(Entries provided):

---*---

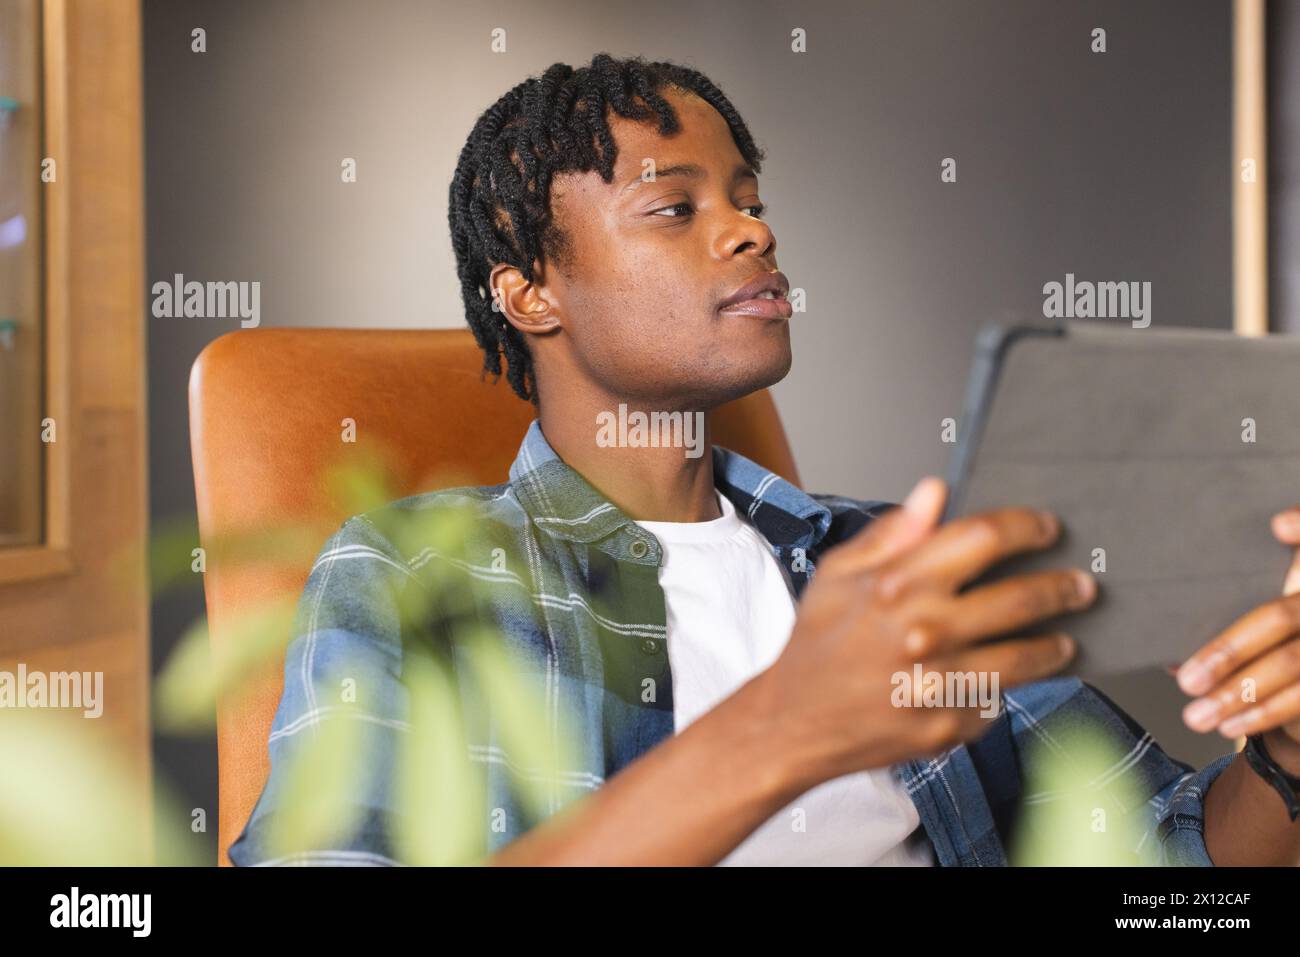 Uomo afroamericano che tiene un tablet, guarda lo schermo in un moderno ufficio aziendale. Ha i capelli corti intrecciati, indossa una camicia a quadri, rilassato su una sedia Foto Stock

---*---

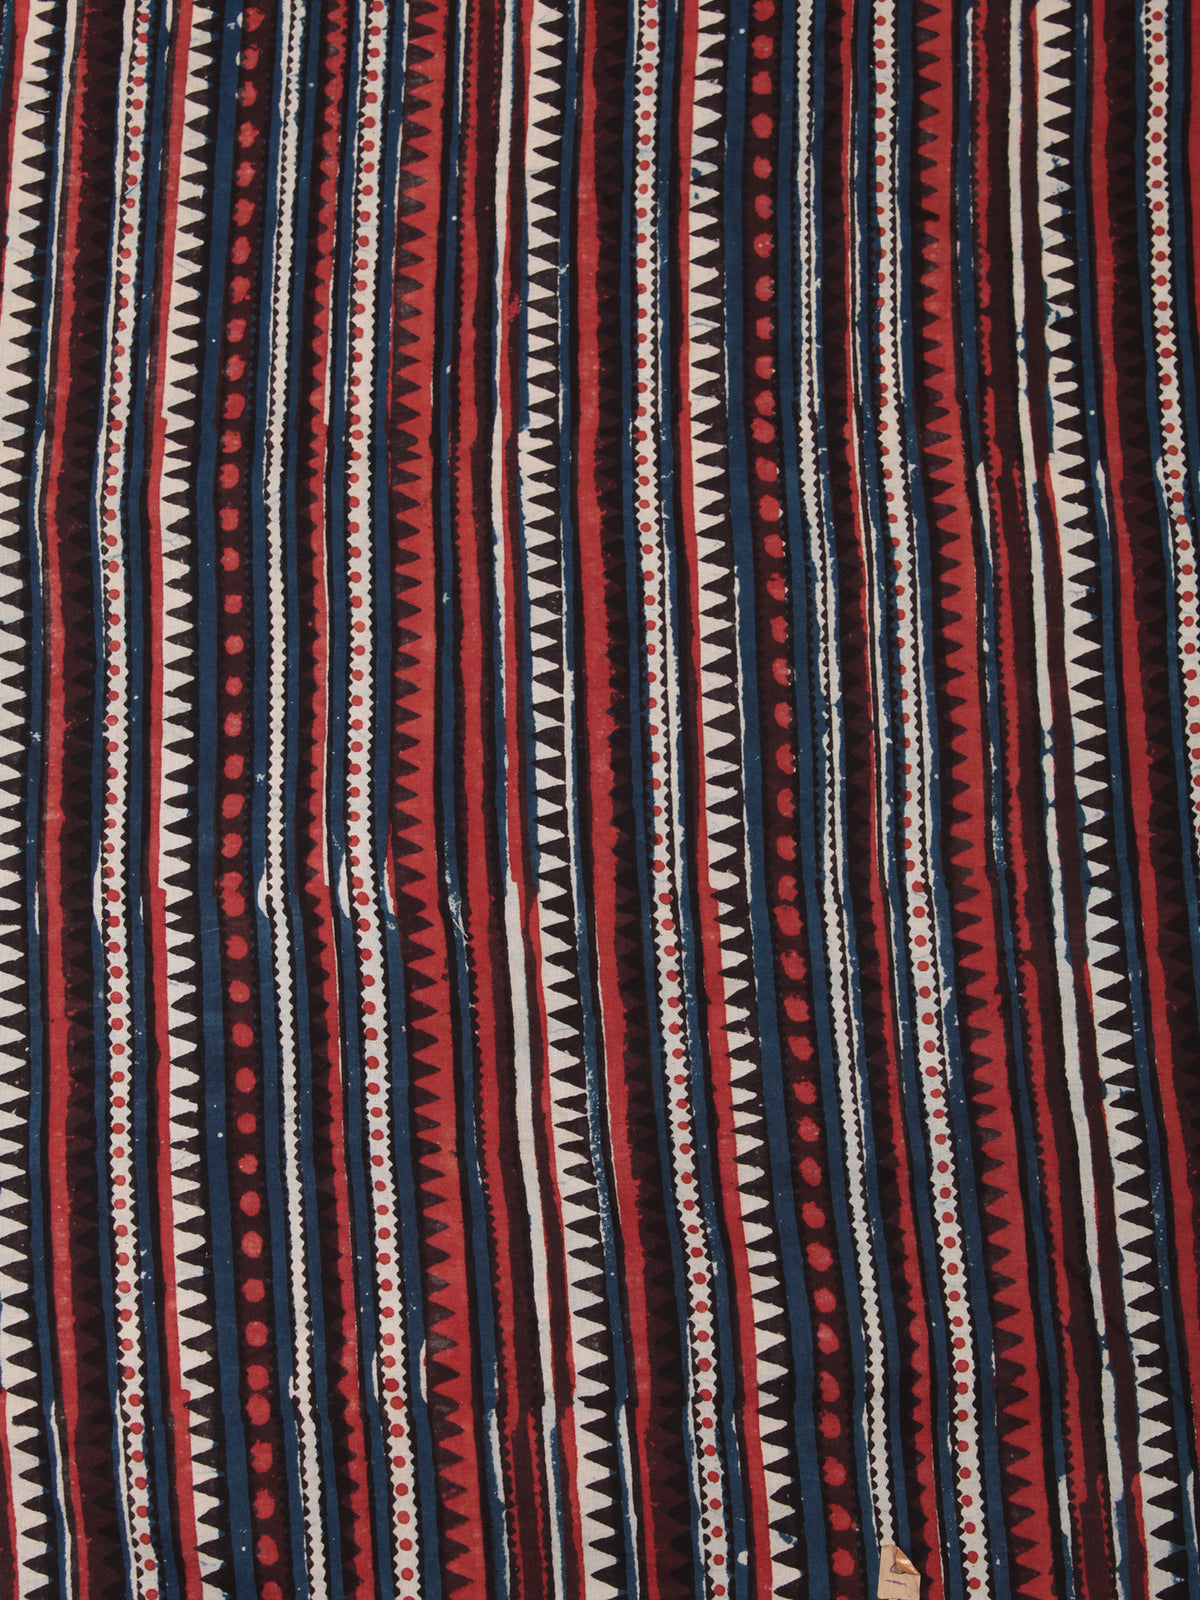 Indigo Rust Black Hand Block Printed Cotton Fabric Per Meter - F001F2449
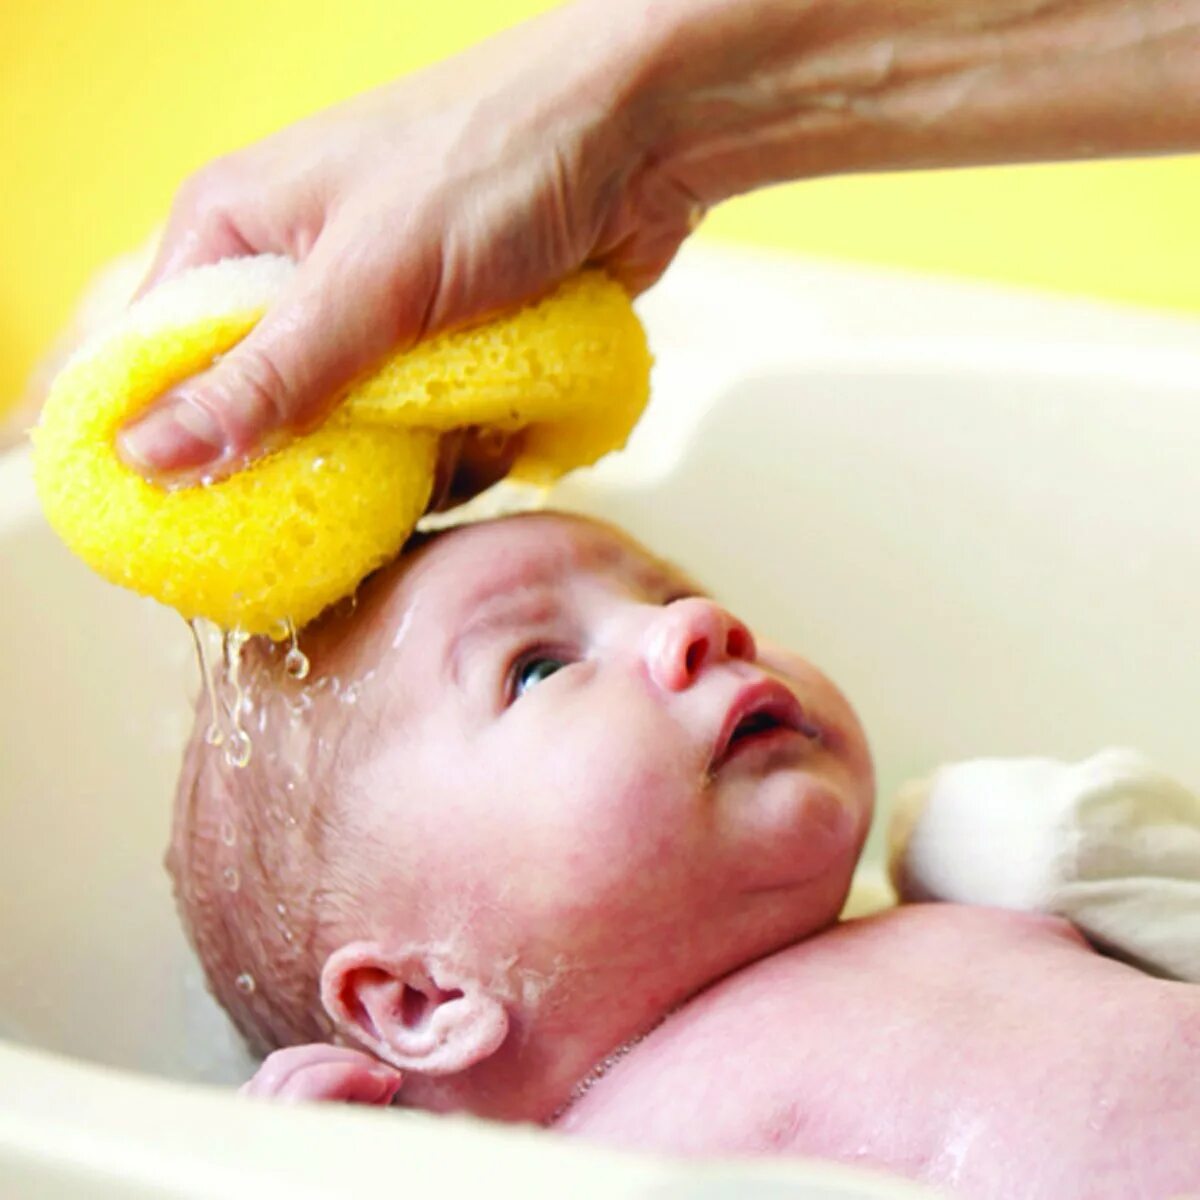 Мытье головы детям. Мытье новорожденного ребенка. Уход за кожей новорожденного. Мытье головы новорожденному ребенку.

---*---

(Your assignment): Using the data above, retype exactly and only the lines from the one containing "Indigo Rust Black" up to and including the one containing "Мытье головы детям.", with no pictures carried over.

(Output for this exercise):
 Indigo Rust Black Hand Block Printed Cotton Fabric Per Meter - F001F2449
 Мытье головы детям. Мытье новорожденного ребенка. Уход за кожей новорожденного. Мытье головы новорожденному ребенку.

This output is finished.